If our knowledge of human physiology does not make decisive progress, DNA sequence testing will be meaningless. “We must understand what happens inside the human body when we are sick, and how we can intervene, treat and prevent it. For future medicines, we need solid knowledge and information to analyze the relationship between genes and various diseases , at least for some common diseases, we need to be able to figure out these relationships; in addition, we need to understand the influence of some external factors on the disease.”
Scientists believe that in the future, more obstacles will come from biological diversity, that is, the differences caused by different races.
About 30 years ago, doctors began treating children with leukemia with a powerful, cell-killing drug. The drug, called 6-mercaptopurine (6MP), has saved thousands of lives. However, this drug can have certain side effects. As early as more than 20 years ago, it has been found that its toxins can remain in the patient’s body and are inherited. The drug can build up quickly and then seep into the bone marrow, where it can lead to infection.

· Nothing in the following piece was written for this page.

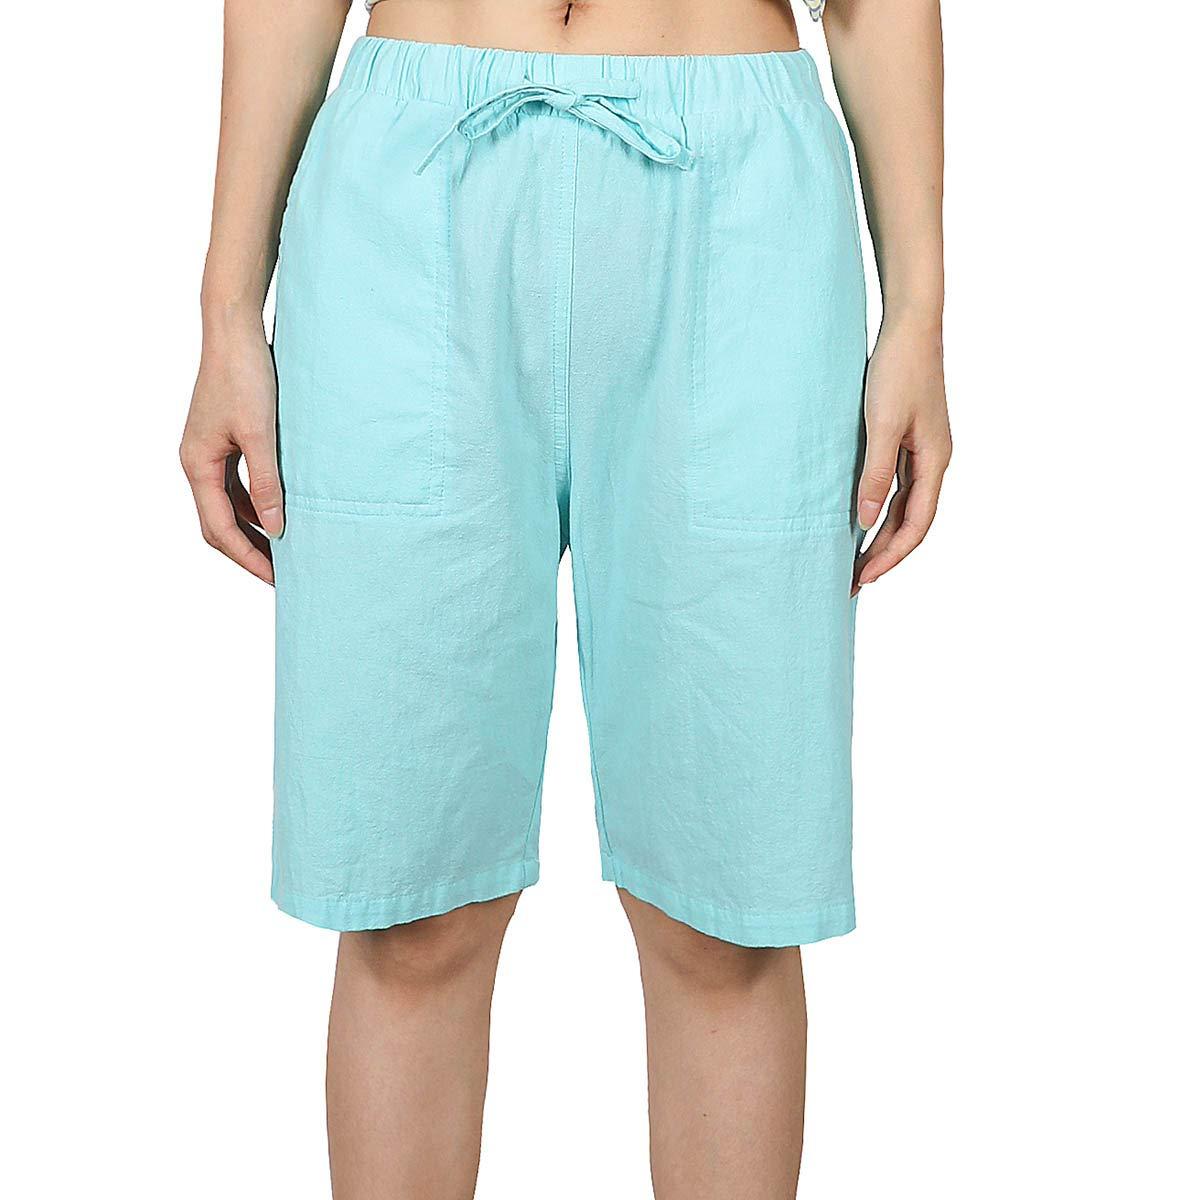 Summer Womens Shorts pockets shorts C1394 linen Casual Shorts yellow shorts Linen Drawstring  Shorts Elastic Waist Shorts Linen shorts

Different races have different percentages of people with this enzyme deficiency. For example, among the Caucasians, one in every 300 people, such a person cannot be treated with 6MP, otherwise it will be fatal.
This confusion will be a common problem encountered by future genomic medicines, and the risks of Gene-based medicines are certain.
Due to the high efficiency of gene drugs, it can be used to transform people into physical fitness, so some athletes and coaches who are desperate to achieve results have begun to take risks and come up with the idea of gene drugs. The use of genetic technology to modify the human body is very risky, so the sports association has included gene doping on the banned list and strictly prohibited its use.